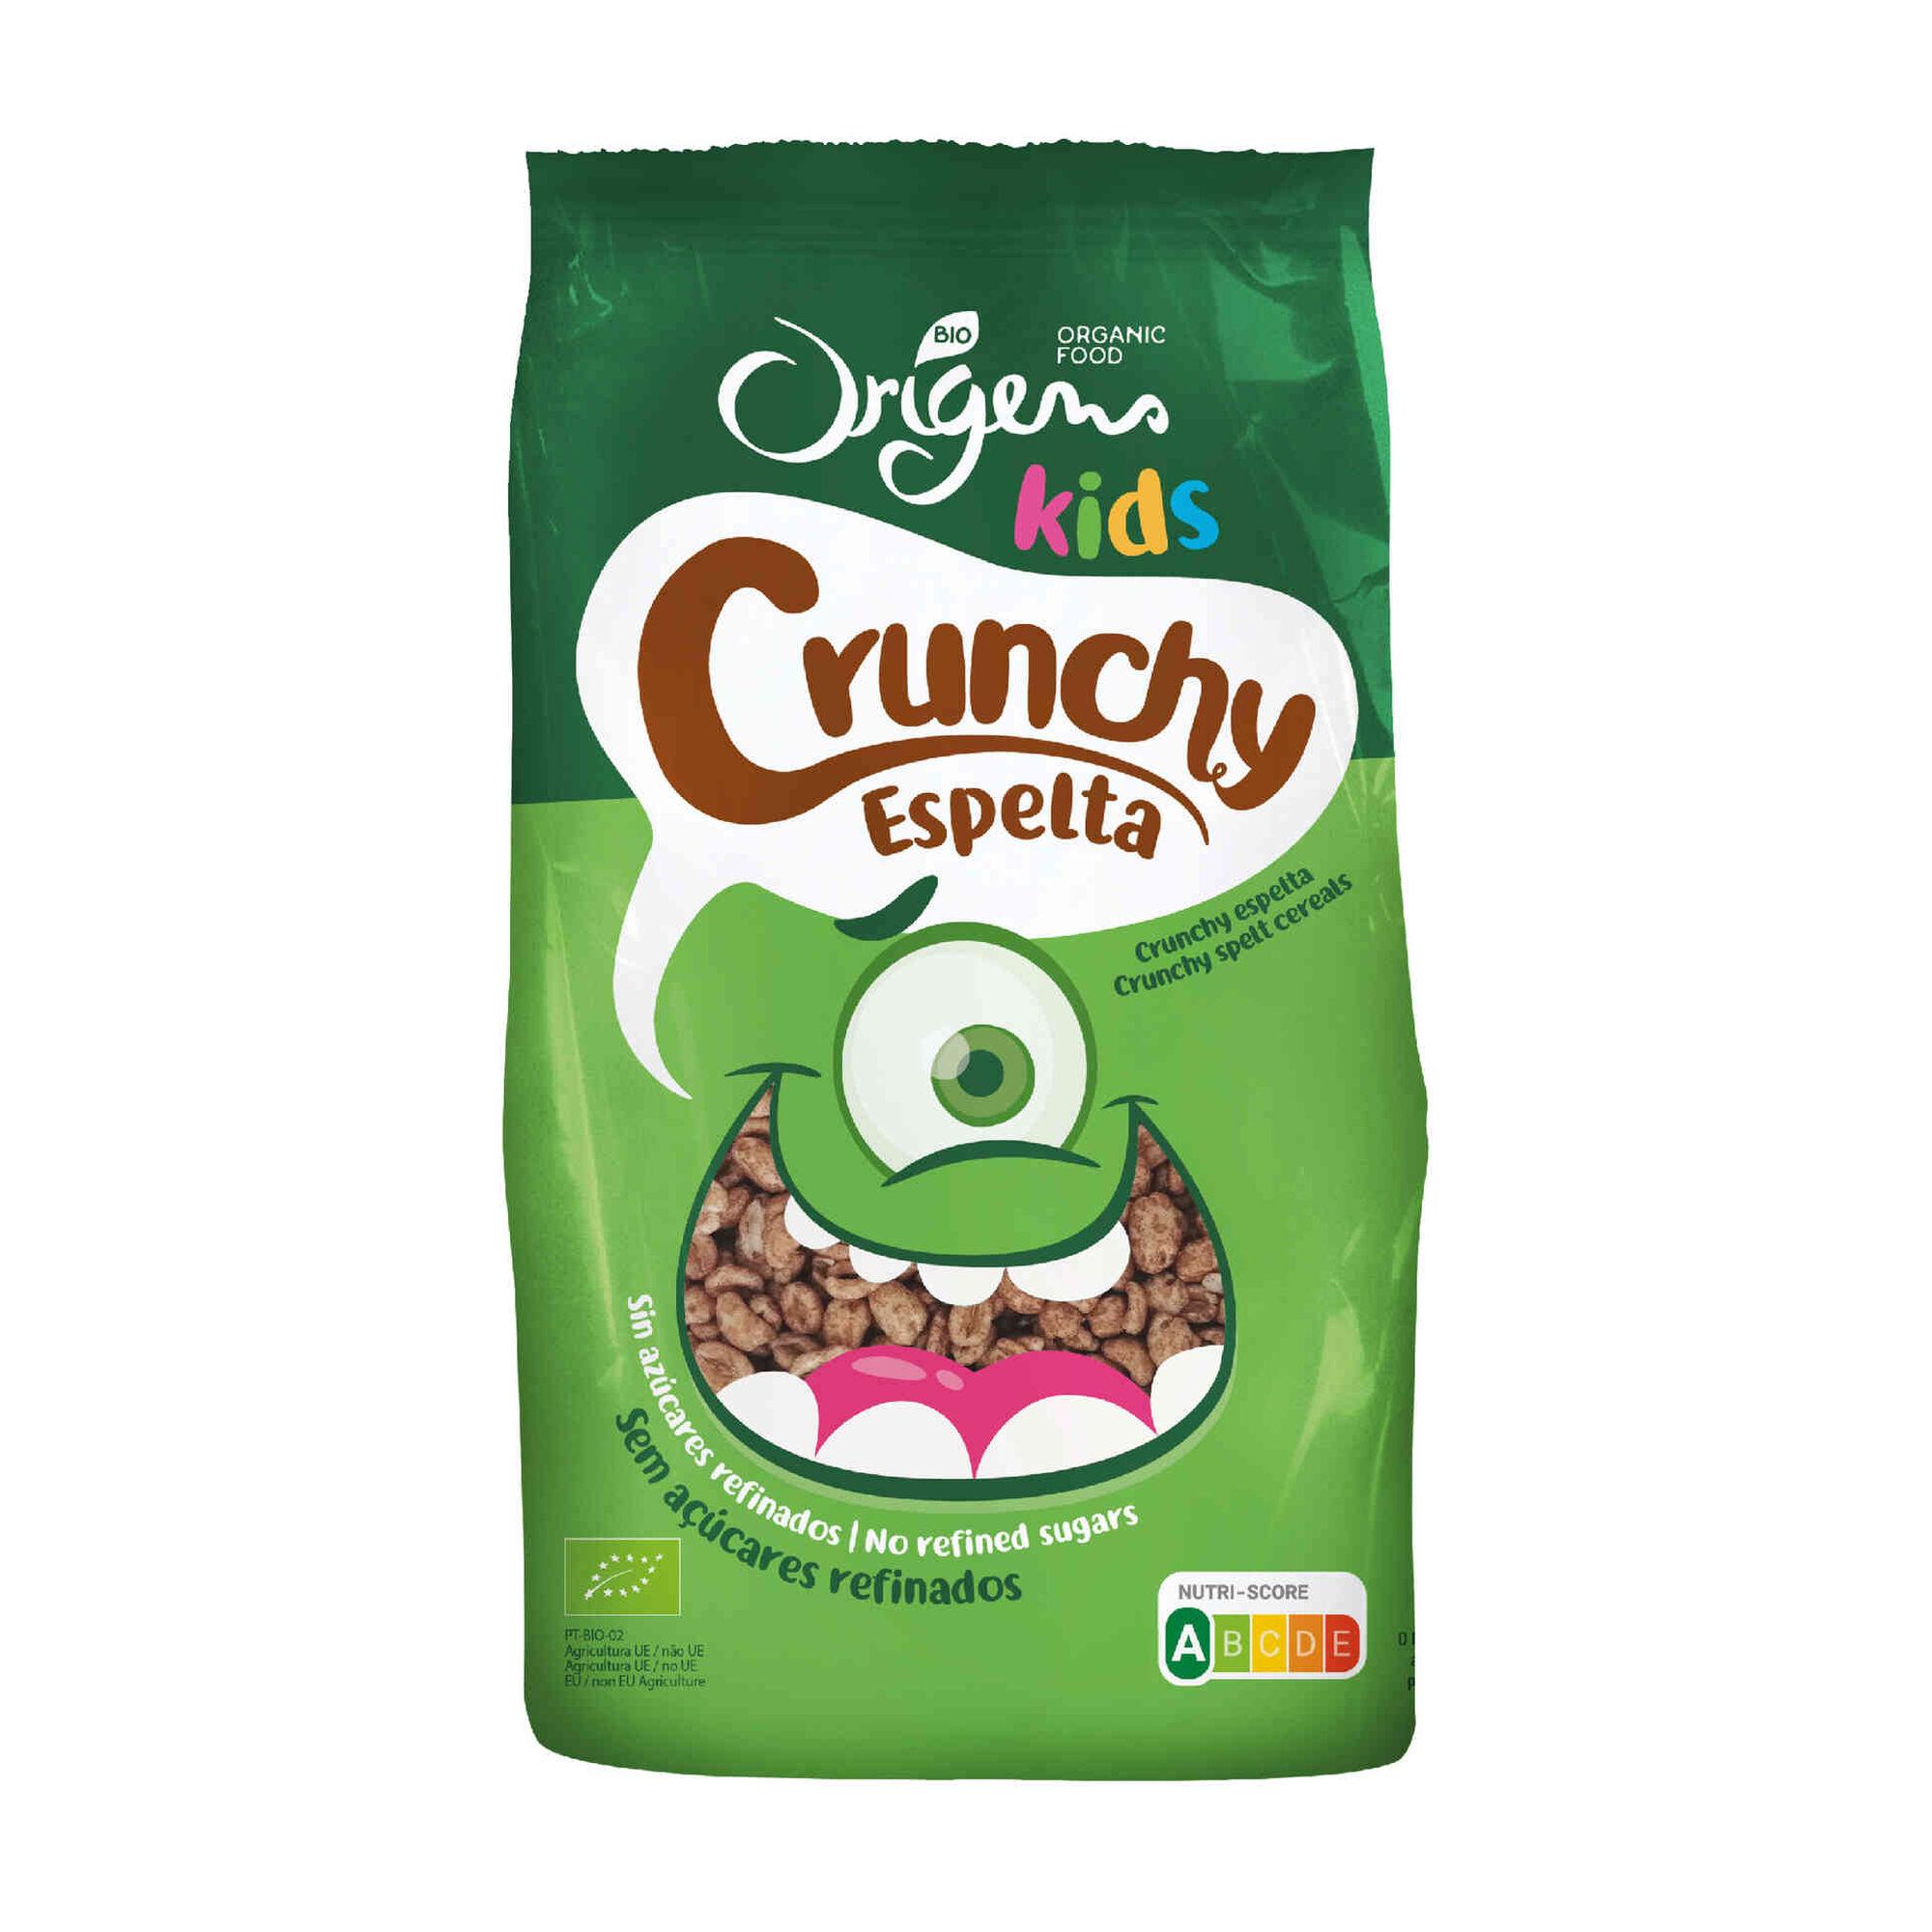 Cereais Crunchy Kids Espelta
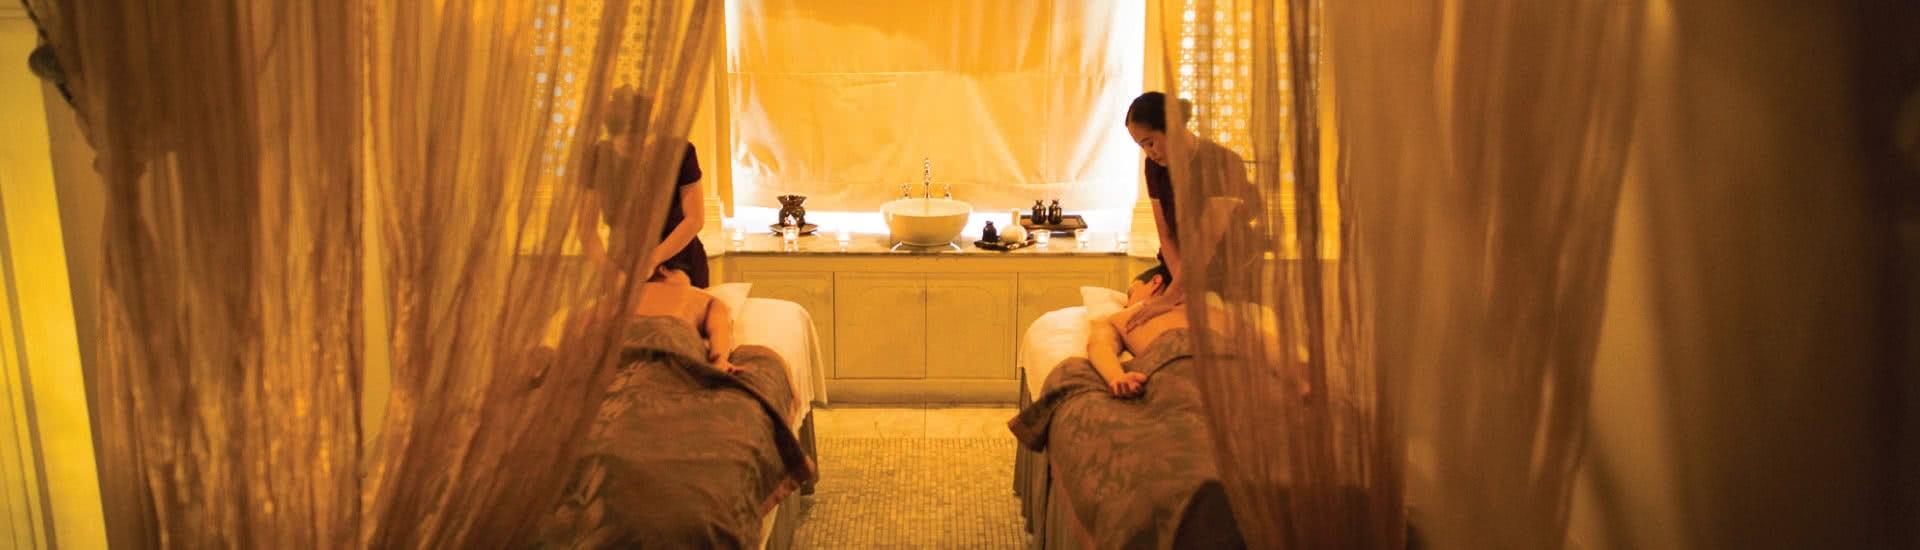 match oslo italian erotic homoseksuell massage
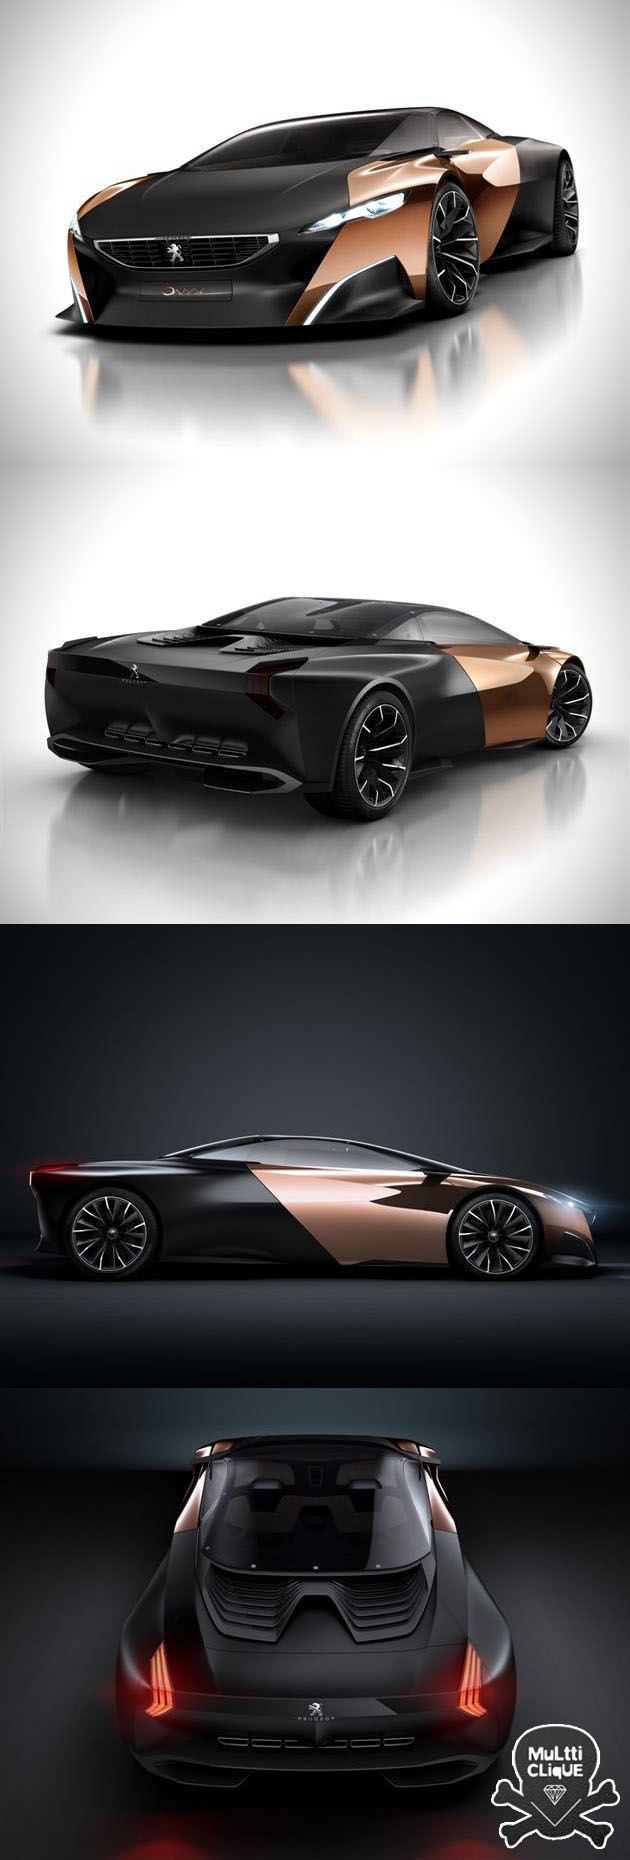 Industrial design: concept car sketching/rendering, Peugeot Onyx
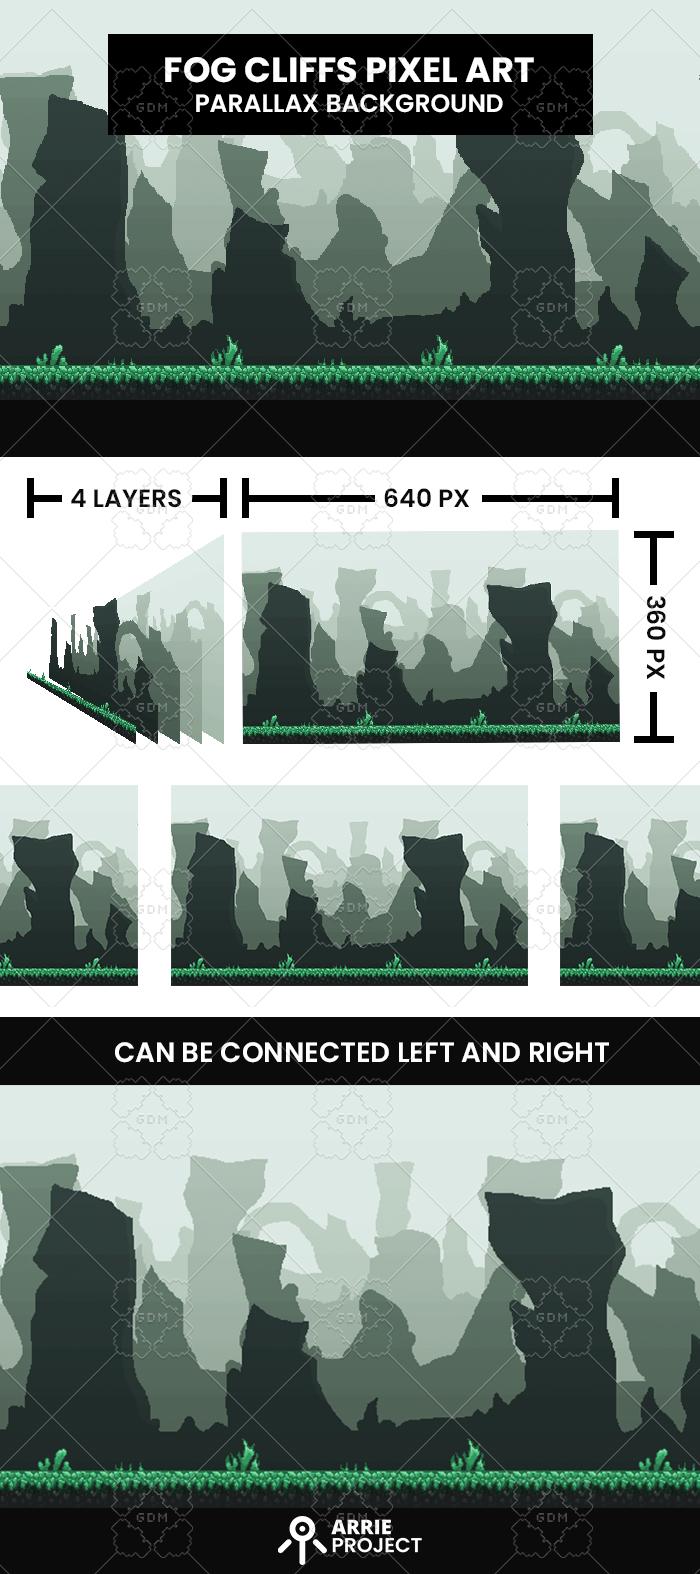 Fog Cliffs Pixelart Background

-- REQUIRED ACTION --
Omitting all pictures, set the listing down exactly.

-- EXPECTED ANSWER --
 Cereais Crunchy Kids Espelta
 match oslo italian erotic homoseksuell massage
 Industrial design: concept car sketching/rendering, Peugeot Onyx
 Fog Cliffs Pixelart Background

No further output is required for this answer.